• Task instructions:
Copy out the data from the line containing "Cow Close Up Wallpaper 22330" to its last line, exactly. No pictures.

• Collected material:
^^^^^^^^

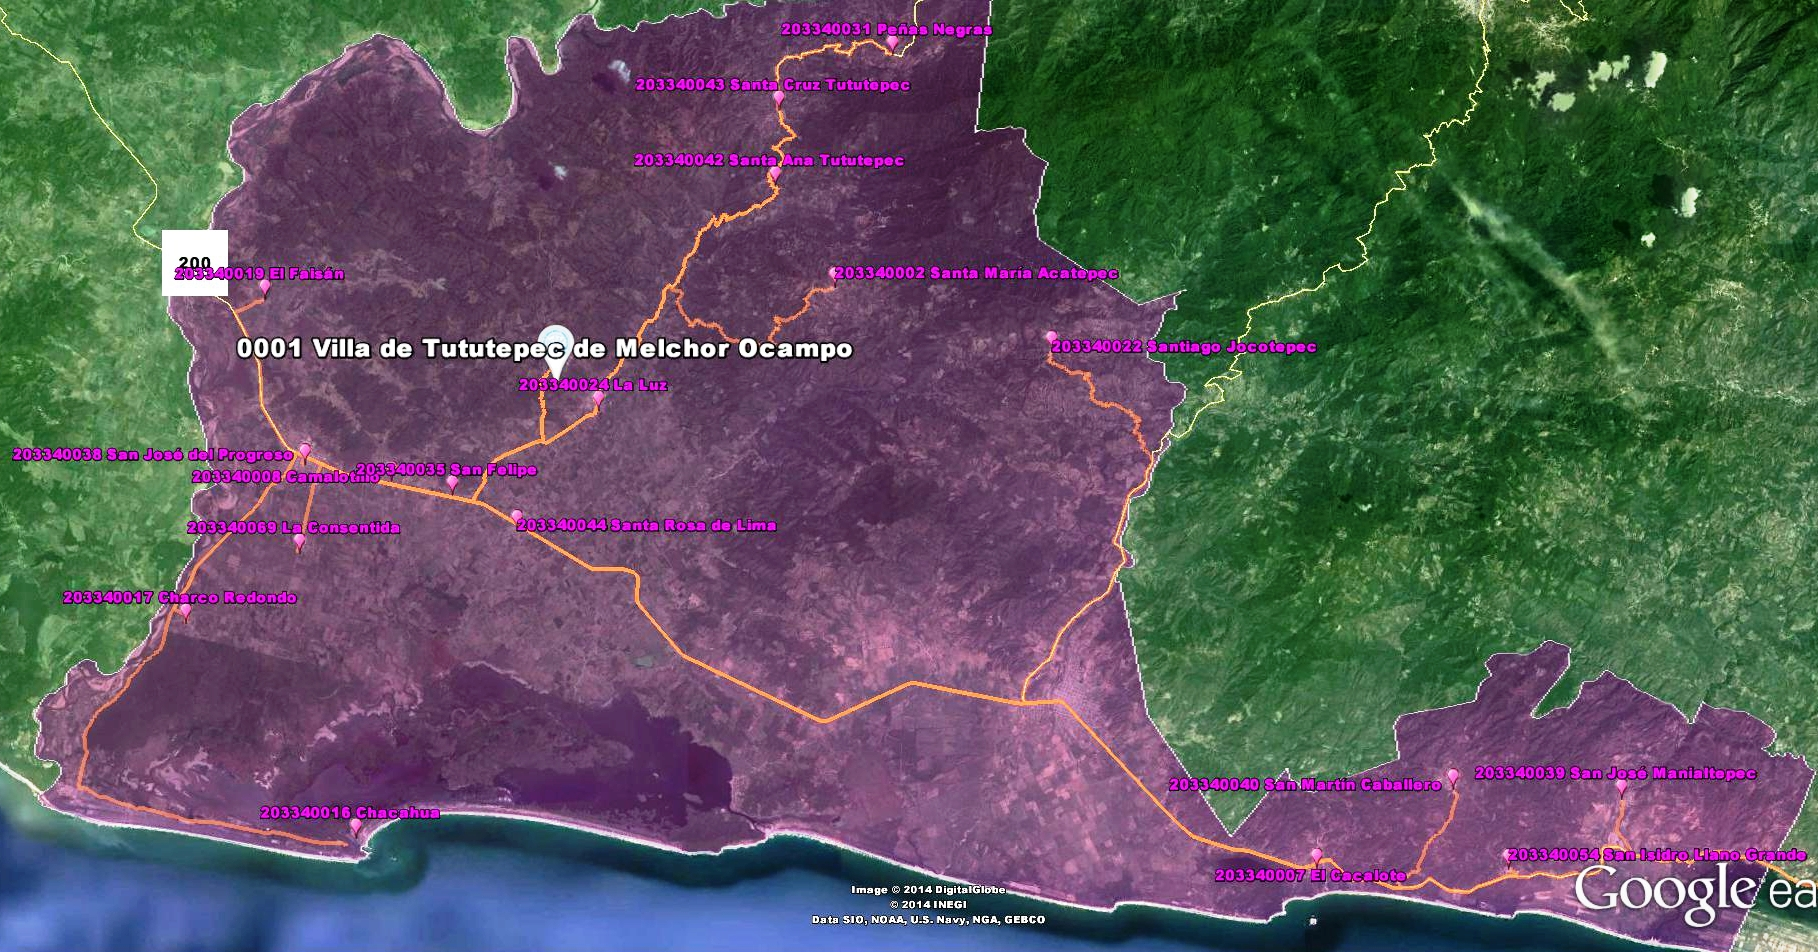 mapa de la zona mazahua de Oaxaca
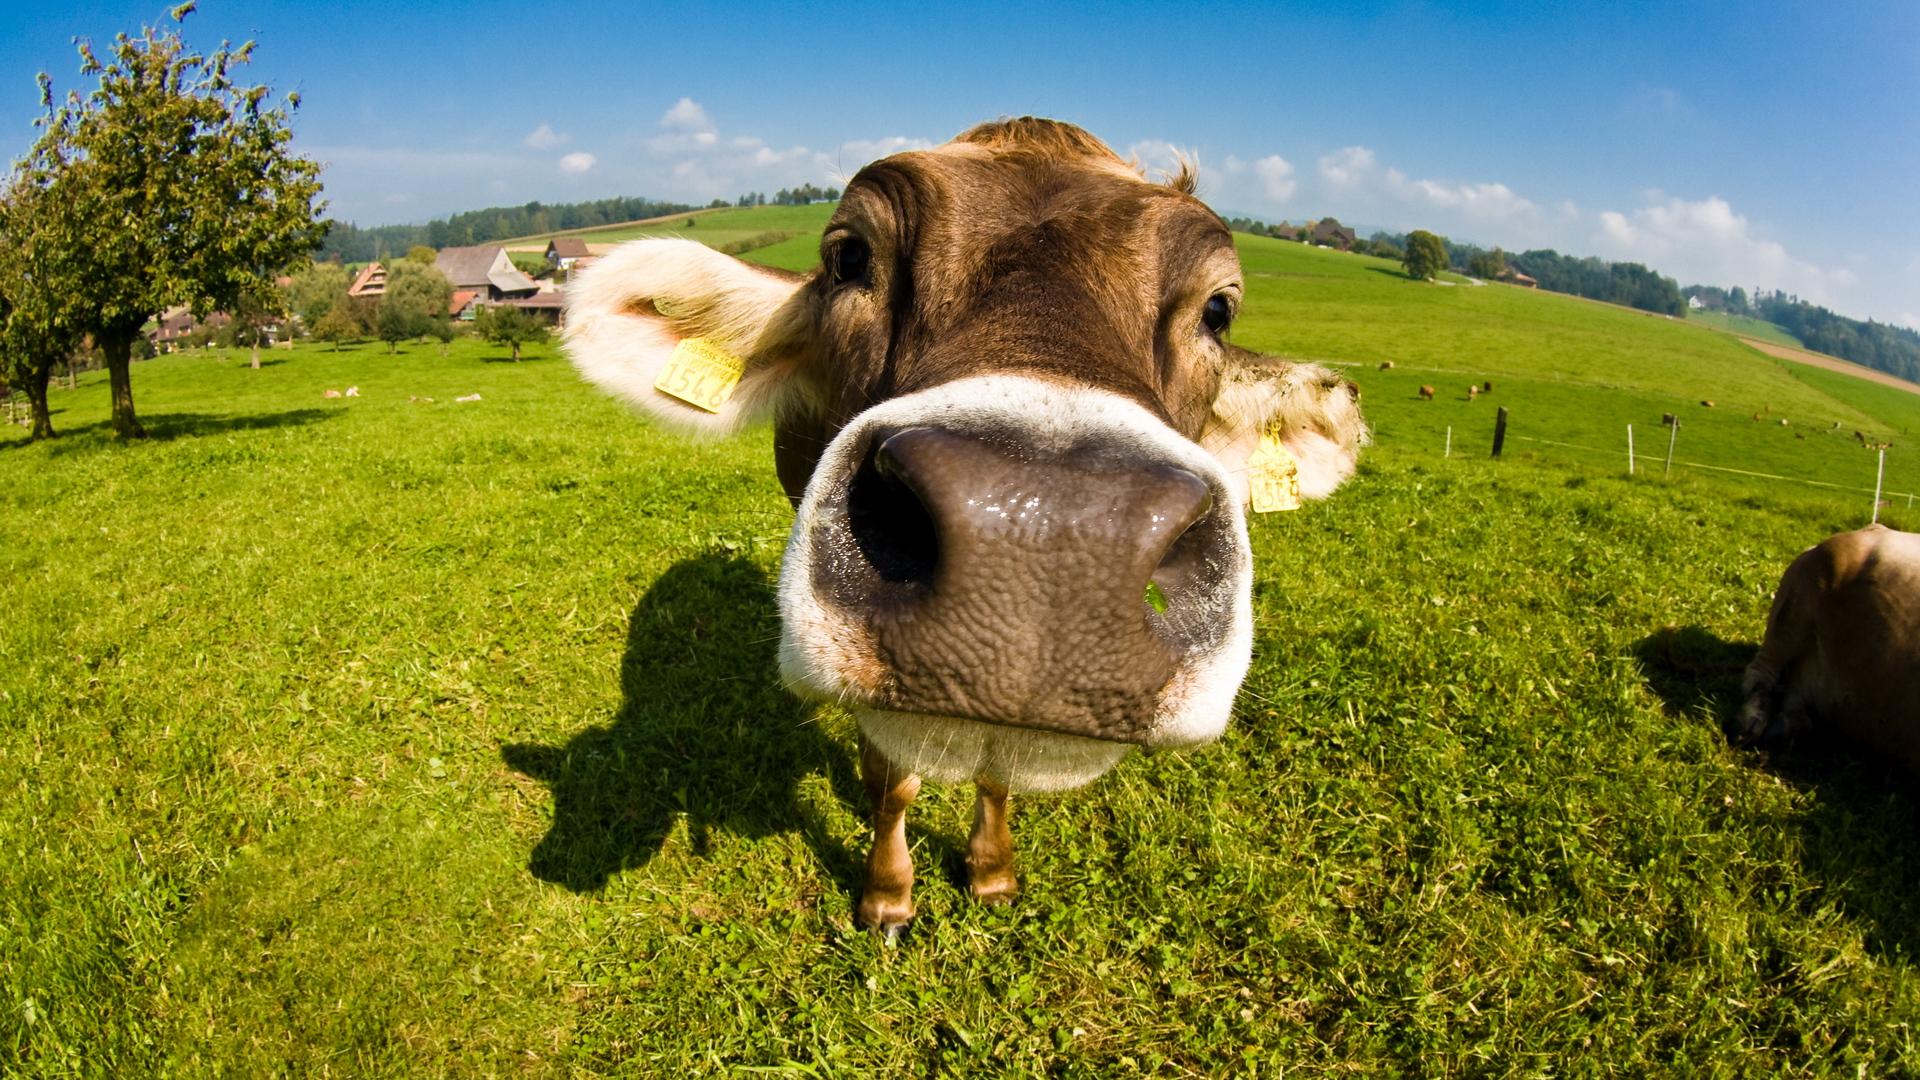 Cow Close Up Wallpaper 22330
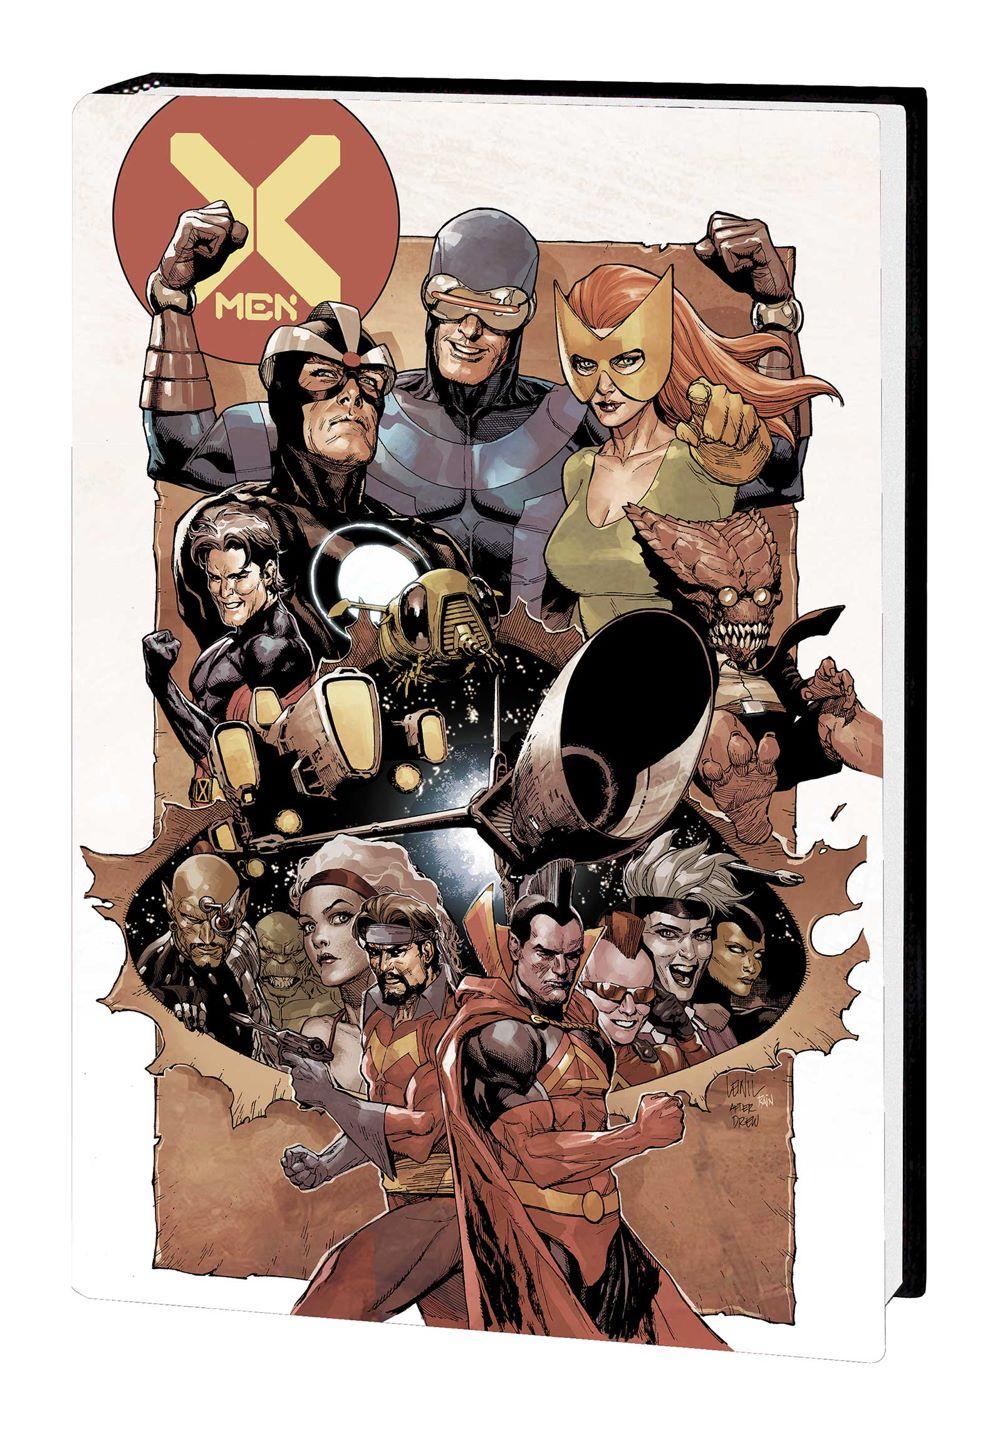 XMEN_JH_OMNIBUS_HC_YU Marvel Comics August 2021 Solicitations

^^^^^^^^

• Task result:
 Cow Close Up Wallpaper 22330
 XMEN_JH_OMNIBUS_HC_YU Marvel Comics August 2021 Solicitations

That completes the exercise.